Чехова я со школьных лет знал как юмориста Антошу Че- хонте. Он совсем был непохож на того серьезного драматурга со слишком заумными пьесами, которым восторгались взрослые театралы. И еще было много снято кинофильмов по его рассказам. И все они отличались от первоисточника, как будто бы режиссеры читали не того Чехова.
В фильме «В городе С.» мечтательный молодой доктор Дмитрий Ионыч Старцев превращается в жирного борова, который сопит от удовольствия при хрусте кредиток в кармане. Я специально прочитал рассказ «Ионыч», и мне показалось, что кино интересней, как бы даже злей. Еще чуть повзрослев, я перечитал «Ионыча», и мне стало жалко доктора Старцева да еще и автора к тому же. Оба, автор и герой, были обижены на жизнь потому, что она оставалась все такой же, а не перевоплощалась по книжным рецептам в бесконечное кино по заданному сценарию. Оба словно выдумывали свои концовки для картины жизни, а жизнь отвергала их поправки. И еще обоих было жалко до слез за чистоту и наивность, взять хотя бы сцену «свидания», назначенного Котиком.

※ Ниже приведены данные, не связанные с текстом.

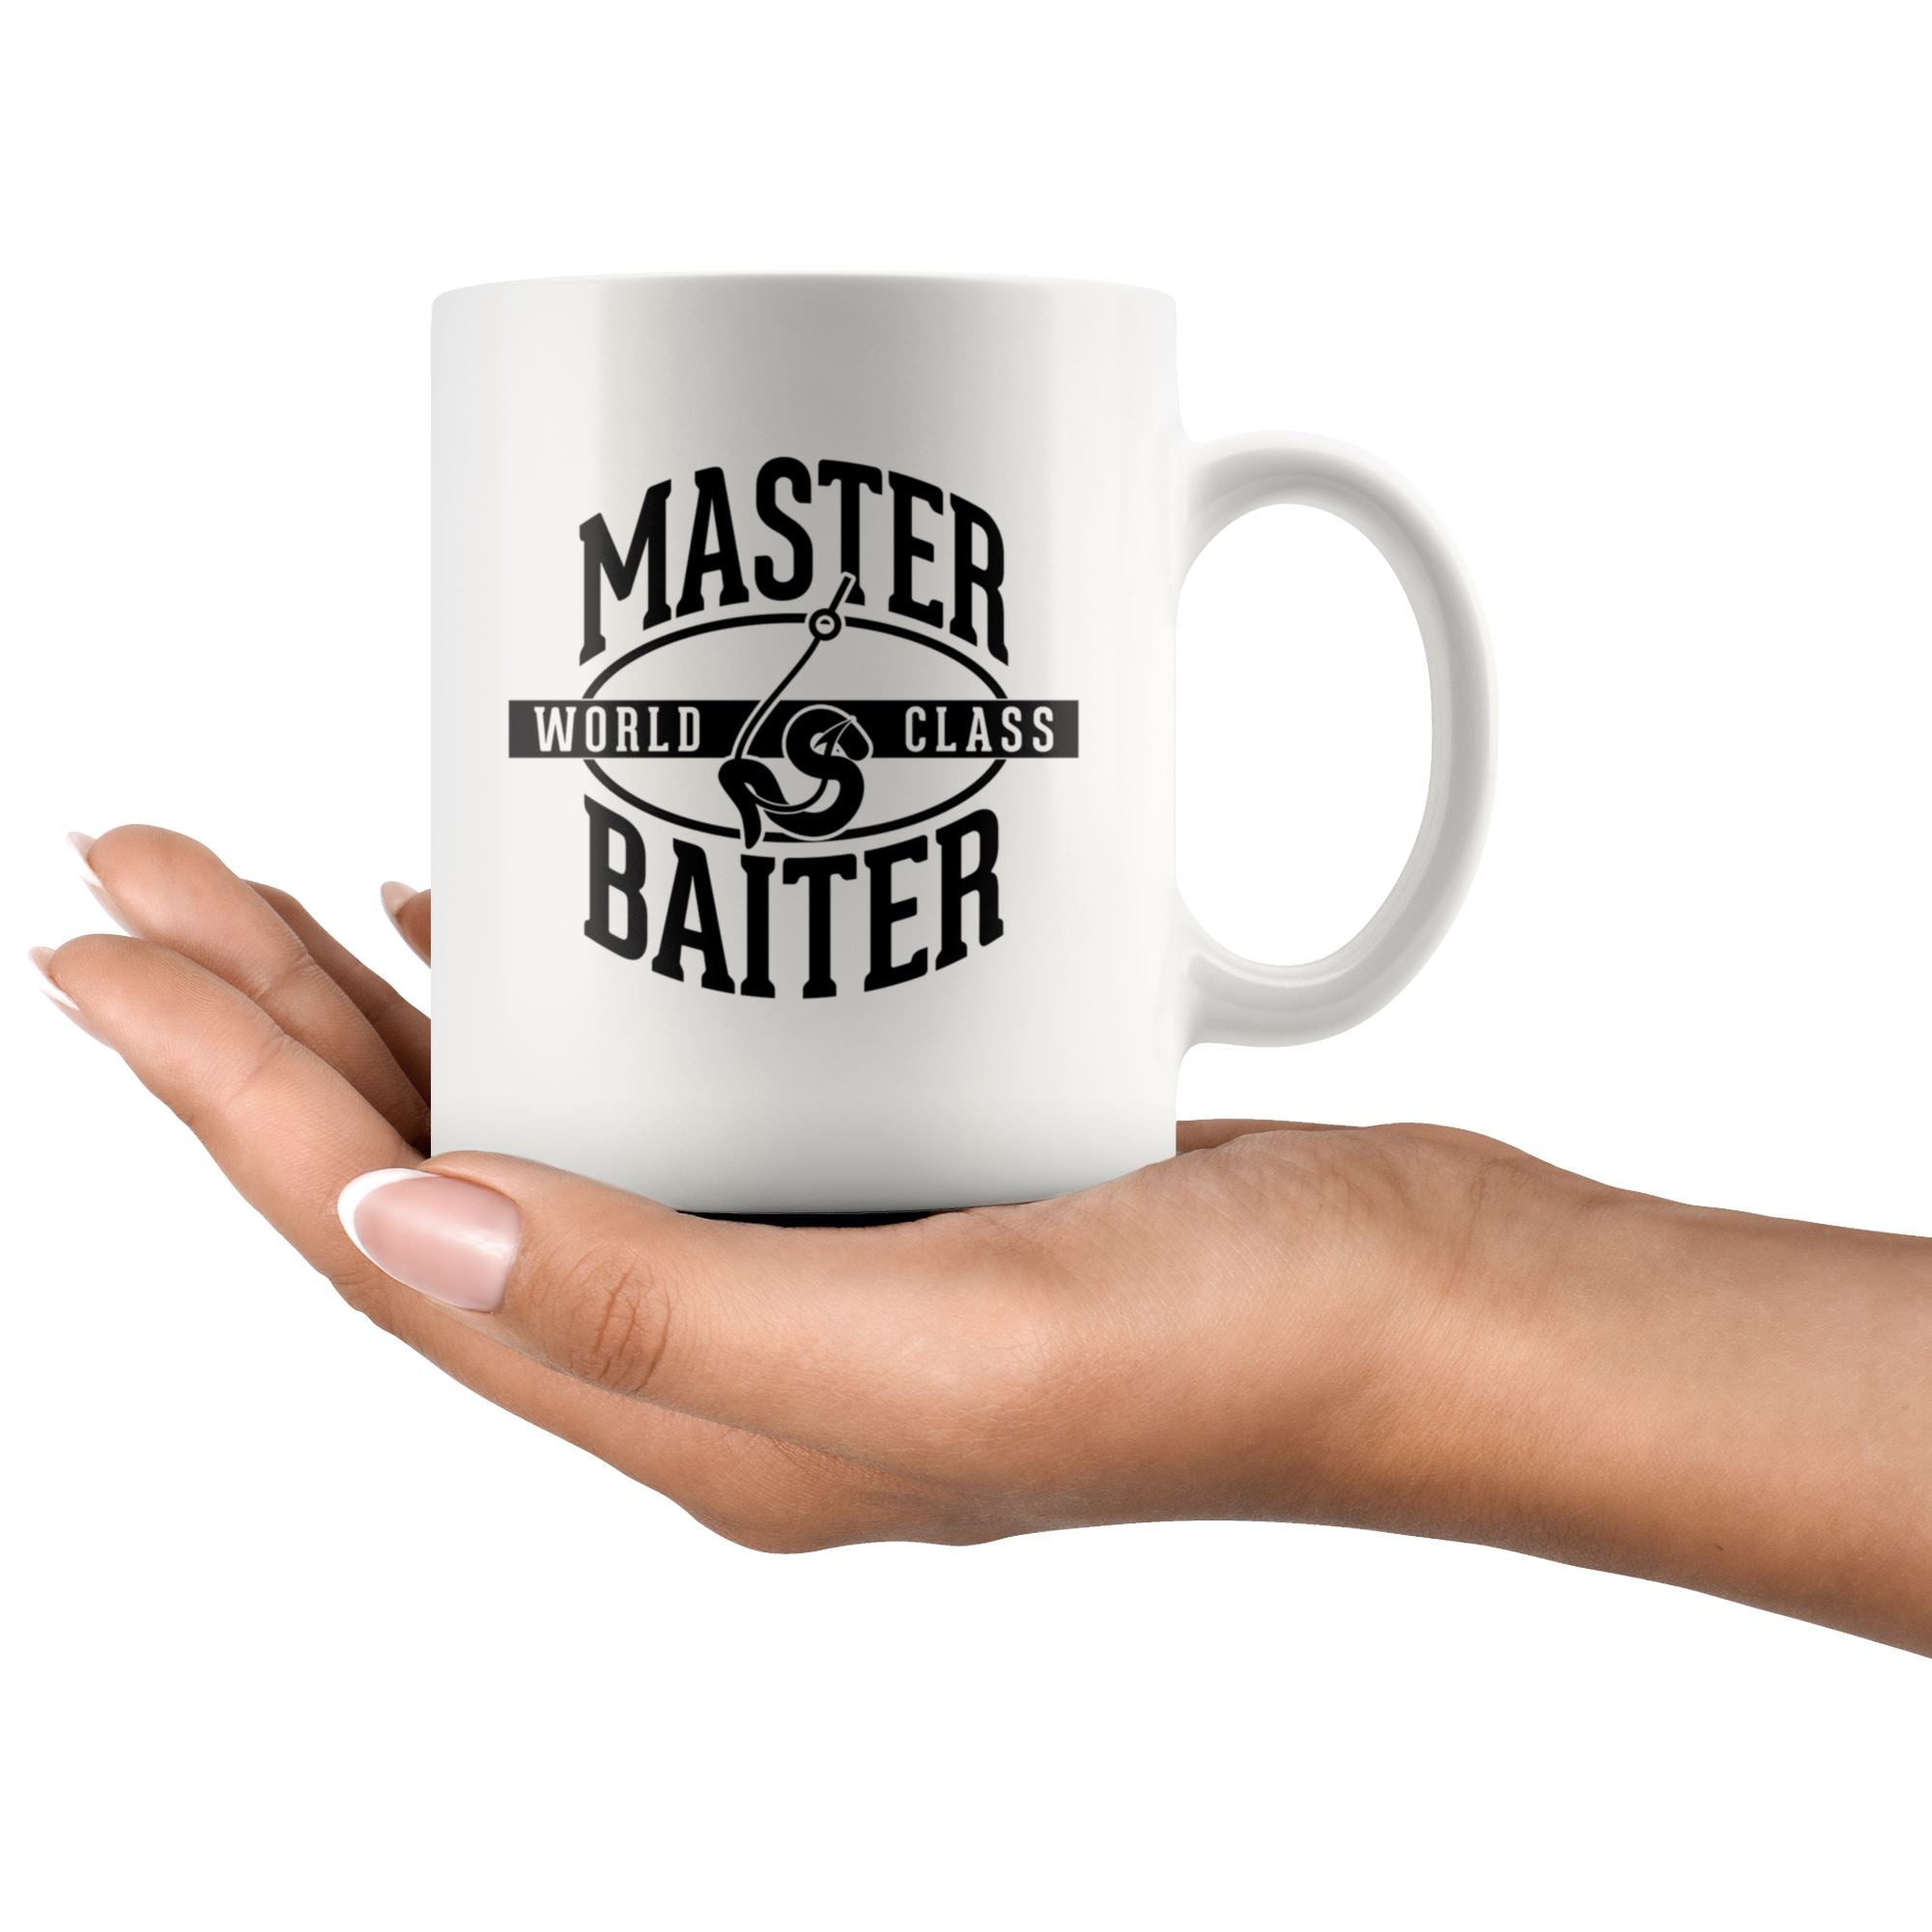 Master Baiter Mug Drinkware teelaunch 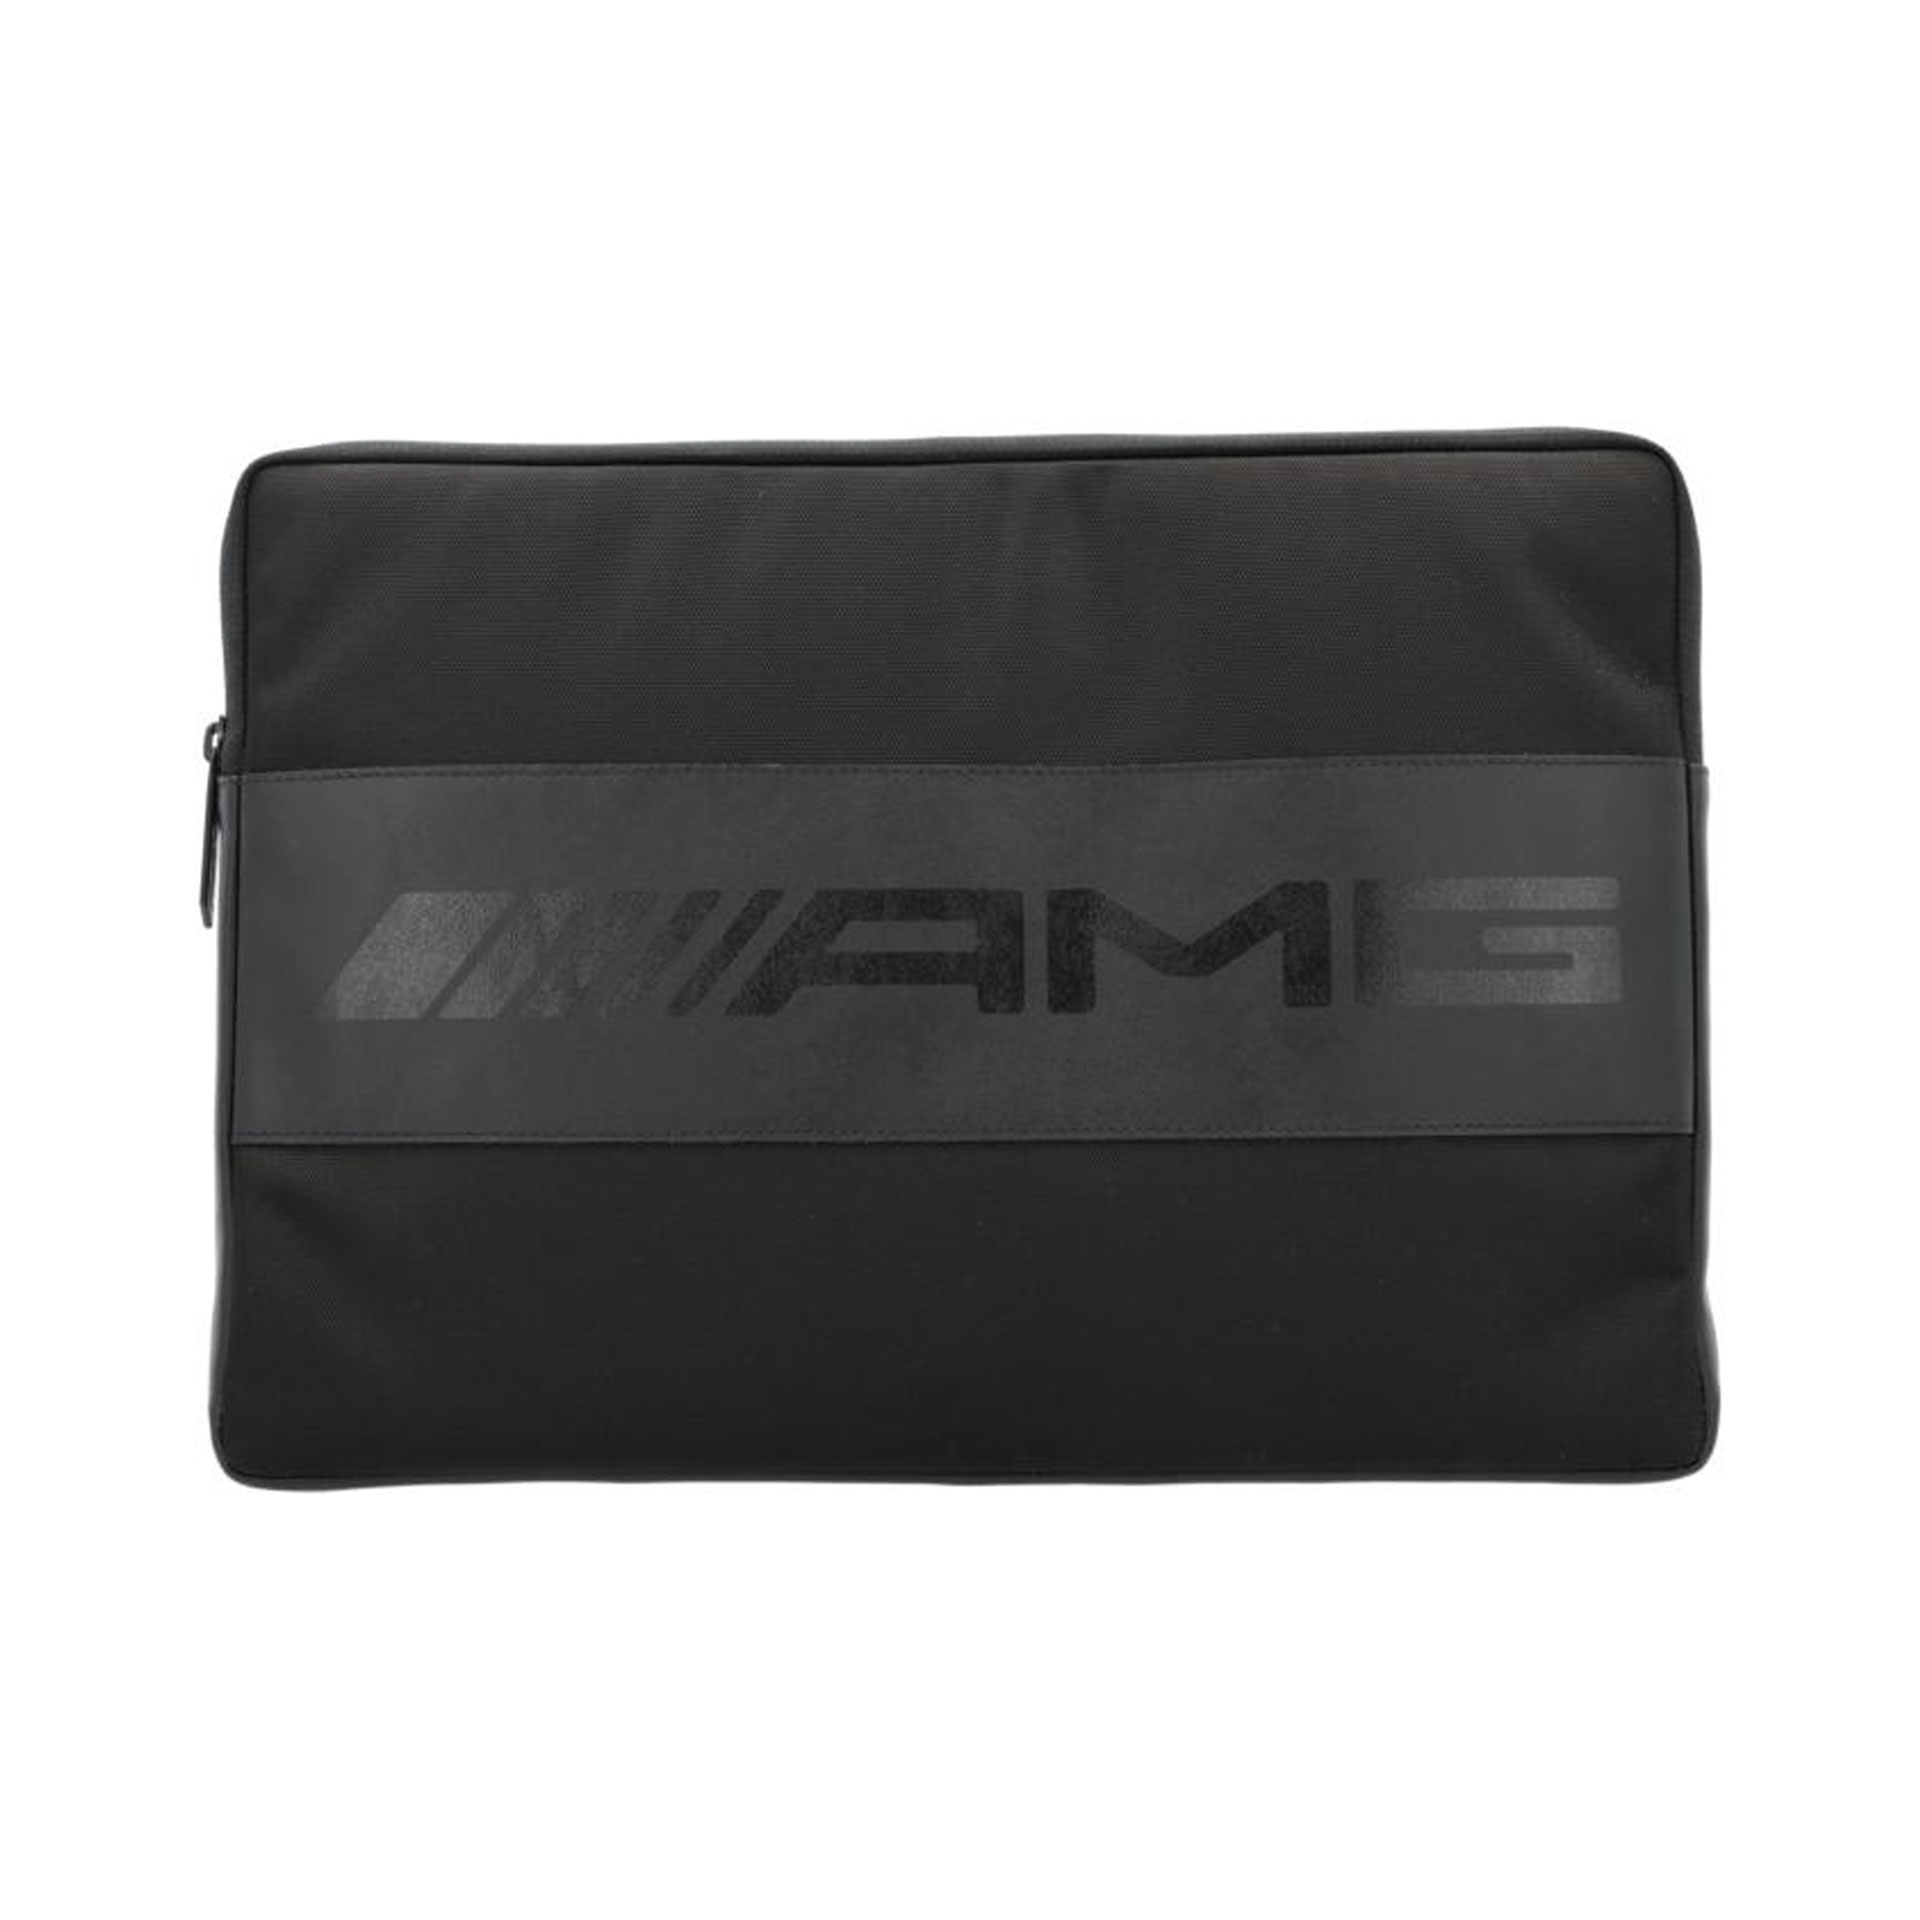 AMG Laptophülle schwarz Rindleder/Nylon bis 13 Zoll

«Человек в футляре» тоже перенесен на киноэкран. И там герой тоже превращается в мультипликационную карикатуру. Яркая жизненность текста переходит на языке кинематографии в заданность по сценарию, словно режиссер еще больший «человек в футляре», чем сам Беликов. Я тогда понял, что в творческих замыслах у Чехова всегда присутствовало некое задание, которое он должен был во что бы то ни стало выполнить. И что- то еще недосказанное было при сравнении рассказов и экранизаций. И вот как я понял причину этого.
Милая «Душечка» Ольга Семеновна не только смешит зрителя своими высказываниями: «Мы с Ваничкой, мы с Васич- кой…». Вызывает глумливый смех даже прочтение слова «хохо- роны» вместо «похороны» из-за ошибки на телеграфной ленте. Чехов, такой добрый, тактичный и задушевный, каким мы видим писателя на его портретах, на самом деле по-медицински невосприимчив к чужой боли. Доктору полагается быть жестоким и неумолимым на хирургической операции. Их жалость может усугубить страдания больного.
Врачебная практика Чехова, возможно, породила у него так называемое «скорбное бесчувствие». Чехов сочувствует, жалеет человека, но при этом в уголках глаз на портрете так и загораются пристальные искорки, какие бывают у некоторых дантистов, когда они сверлят нам зубы. А кинематографисты так и рады «педалировать» этот штрих в творчестве писателя для оживления экрана. В кинофильме «Шведская спичка» герои не смеются, а ухмыляются. Сам же рассказ целиком похож на презрительную ухмылку. Рассказ «Архиерей» даже жесток своей концовкой, где мать умершего епископа, простая крестьянка, беспокоится, как бы ей не перестали верить, что у нее сын ходил в архиереях
Возможно, мы не до конца знаем многогранную личность самого писателя. А возможно, и сам Антон Павлович догадался, что авторская ирония часто похожа на глумление, так хорошо выраженное в «Хамелеоне». Не зря ведь в конце жизни наотрез отказался включать в свое литературное наследие многие из ранних рассказов.